Dennis Perepelitsa, a Brookhaven Lab physicist exploring the mysteries of nuclear physics at the Relativistic Heavy Ion Collider (RHIC) and the Large Hadron Collider (LHC), has the distinction of being the first person to earn outstanding Ph.D. thesis awards from both research communities. His Ph.D. work, based on complementary data collected at the PHENIX and ATLAS detectors at these two particle colliders, showcased intriguing findings that have upturned physicists’ understanding of something they thought they knew well—an ongoing mystery that is guiding part of the research programs at both machines now.

“I’ve been very lucky to work on these two world-class experiments with leaders in the field as my advisors,” Perepelitsa said. “When I started out working on PHENIX/RHIC, we observed some very strange features in the data, and went to the LHC to look for answers to the puzzling results. Now we’re taking what we learned at the LHC and reinvesting that knowledge back into this year’s RHIC run.”
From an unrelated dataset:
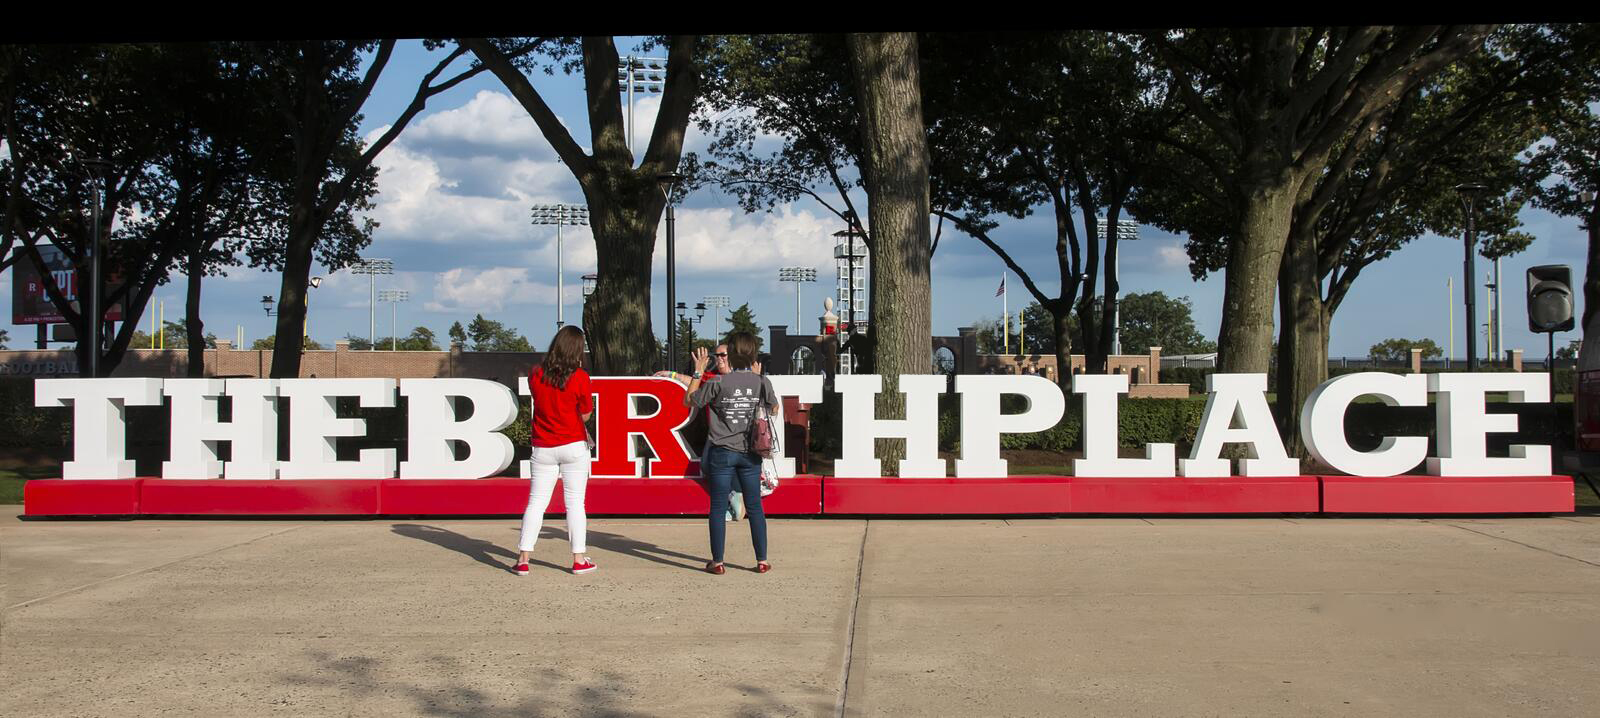 Custom foam 3d letters at Rutgers University that spell out The Birthplace

The mystery arose when Perepelitsa began analyzing data collected during RHIC’s 2008 run colliding deuterons—a simple nucleus made of one proton and one neutron—with much larger gold nuclei (with 197 protons and neutrons). The goal was to use the smaller deuterons to probe the structure of the larger nuclei by measuring high-energy quark and gluon jets. “Our thinking was that since the small particle, the deuteron, was well understood, we’d use it to learn something about the … larger nucleus,” Perepelitsa said. “And then everything broke down.”
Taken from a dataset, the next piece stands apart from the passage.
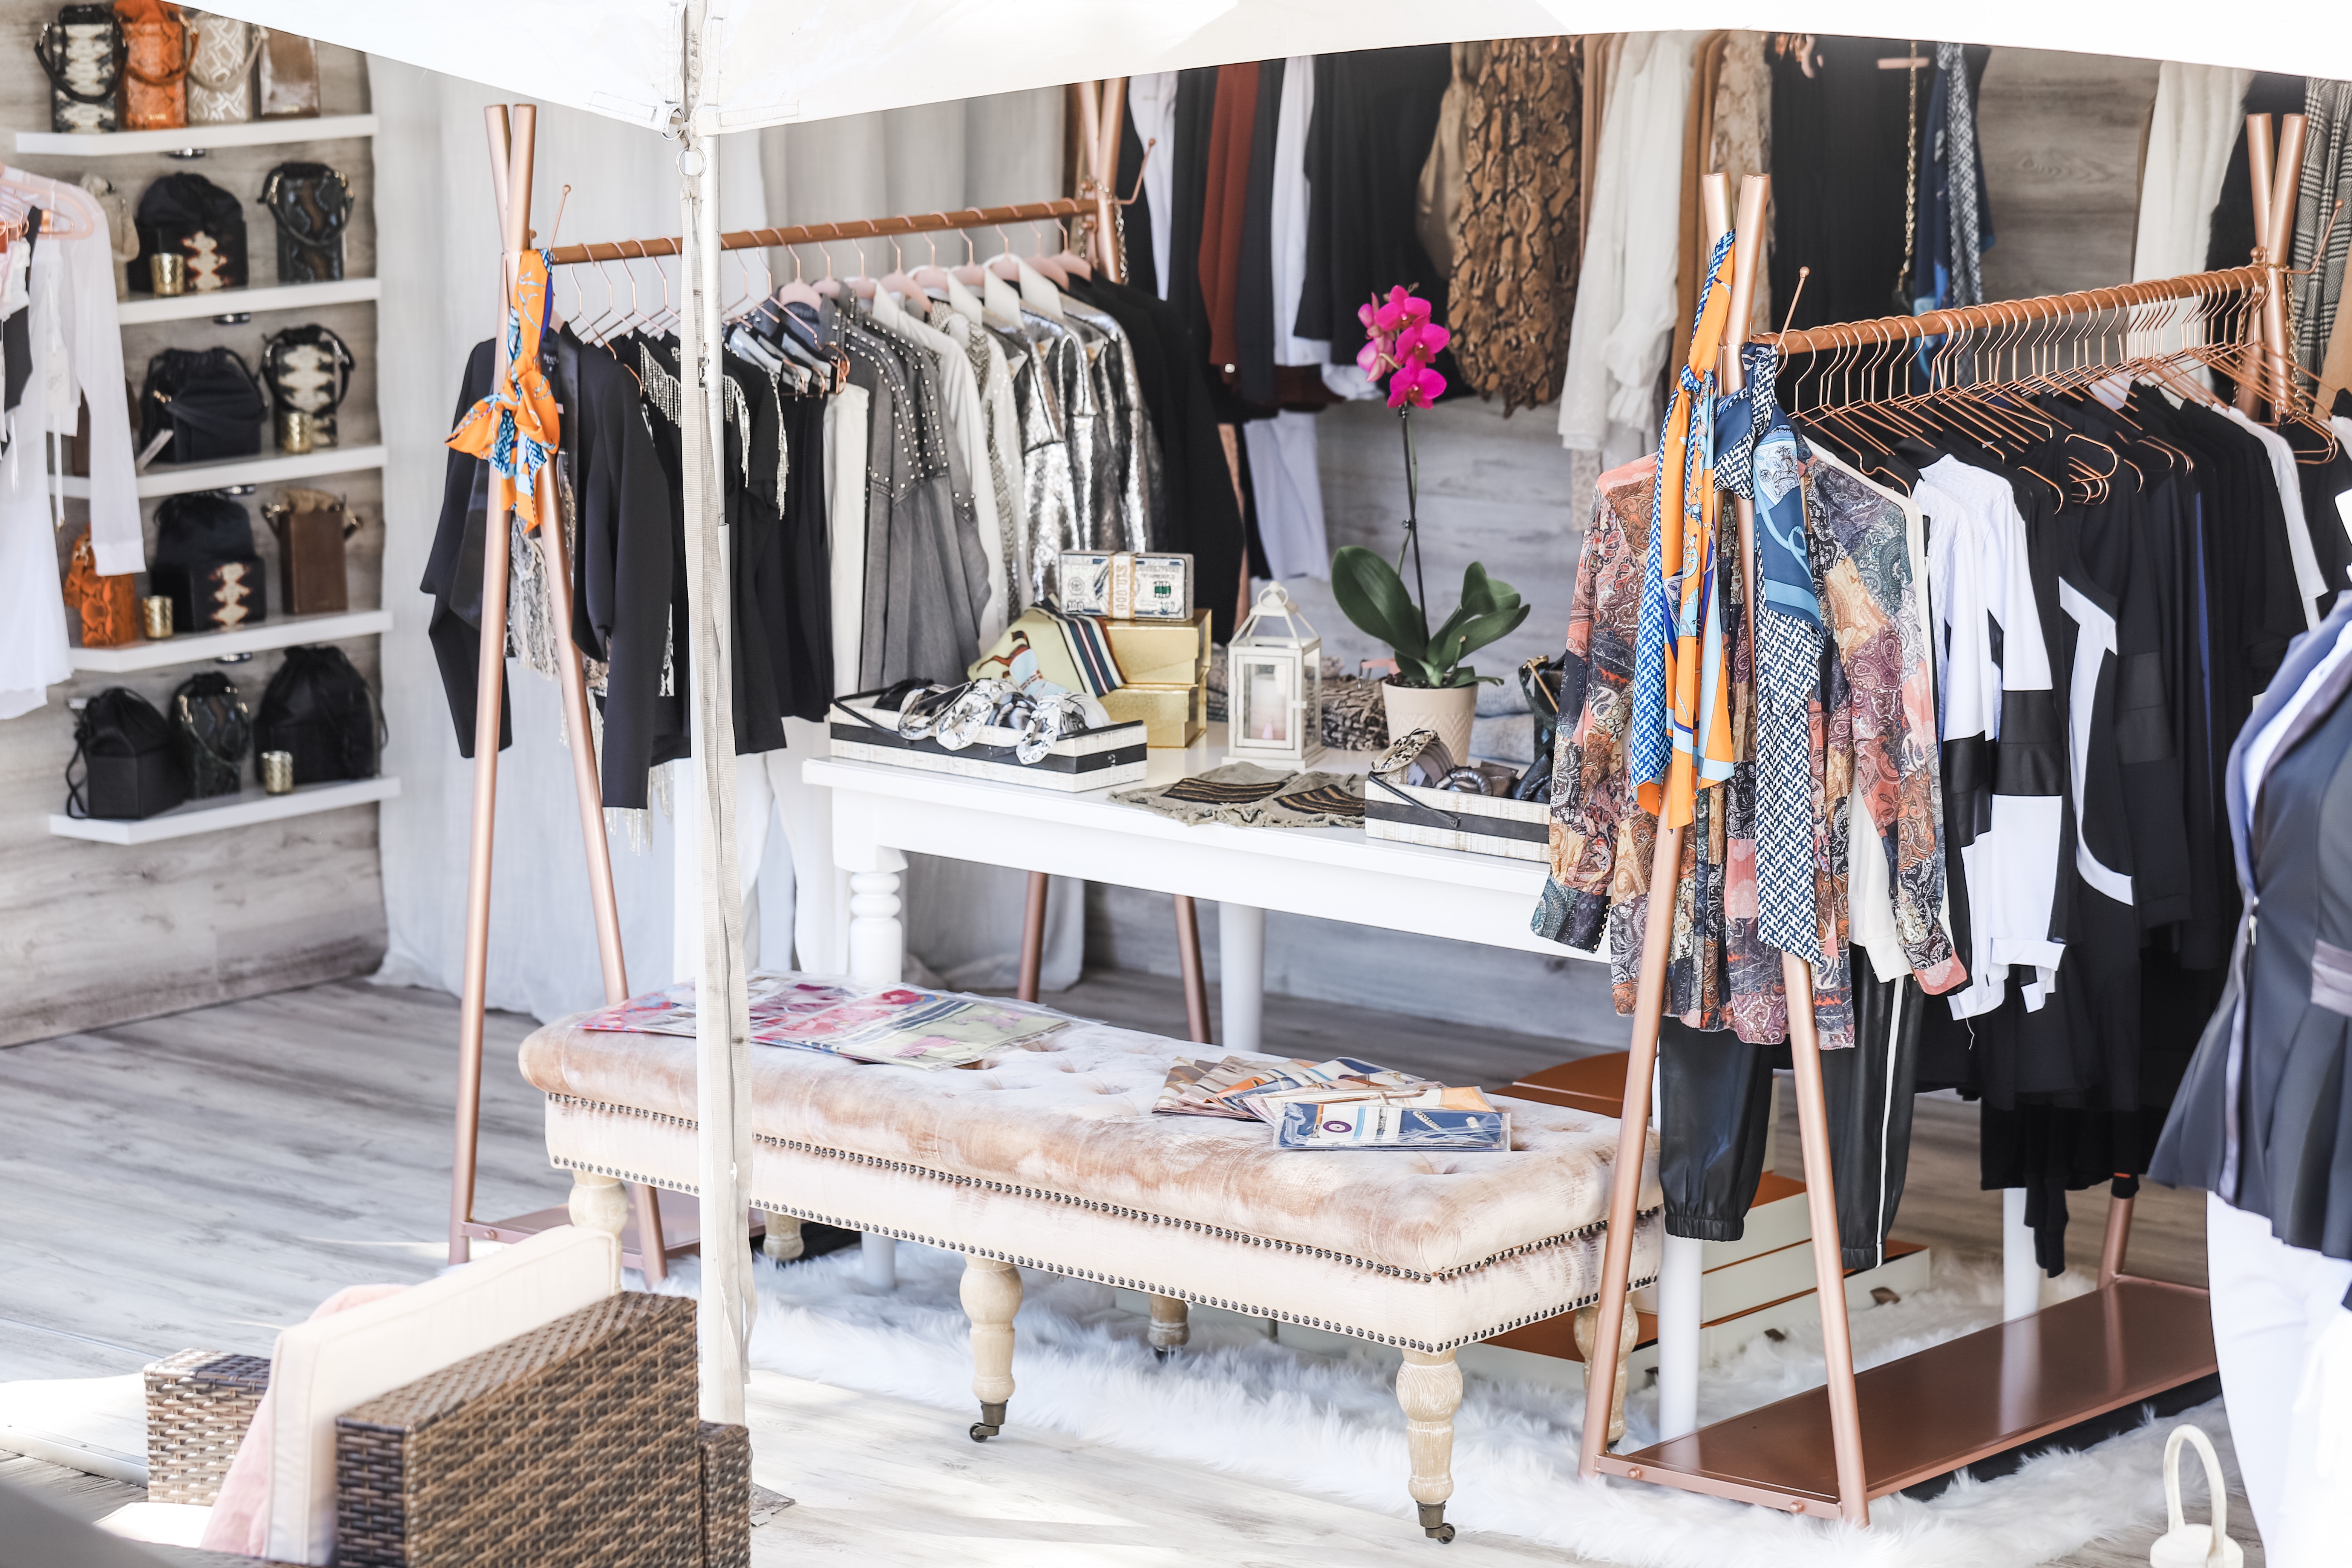 Must Haves' Shopping at the Winter Equestrian Festival - Equestrian Stylist

The data didn’t fit with expectations of what physicists thought they’d see in these collisions based on past experience. So Perepelitsa and others took the mystery to ATLAS, which had different capabilities from PHENIX, to analyze the results of proton-lead collisions there. The results revealed the same breakdown of the models. But with more ‘knobs’ to turn at ATLAS, “we could try to see if there was a … way to explain what we were seeing.”

The explanation turned out to be another surprise: The failure of the geometric models appeared to come from an unexpected effect in the proton or the deuteron.

“The patterns in the data indicated that the smaller, supposedly understood component of these collisions was the controlling factor,” Perepelitsa said.

Physicists are still evaluating possible explanations and thinking through the implications for other scientific questions—and refining the next round of experiments. In about a month, RHIC will produce its first-ever collisions of polarized protons with gold and then aluminum nuclei, with brand new detector components in place at PHENIX that will be sensitive to these effects.

“Perepelitsa’s analysis and the continuing role he plays in both the PHENIX and ATLAS experiments is a classic example of the complementary nature of the research taking place at these two facilities,” said Brookhaven Lab physicist Dave Morrison, a current co-spokesperson of PHENIX and Perepelitsa’s supervisor. “It also highlights the far-reaching opportunities the international nuclear physics research community offers for young physicists interested in this field.”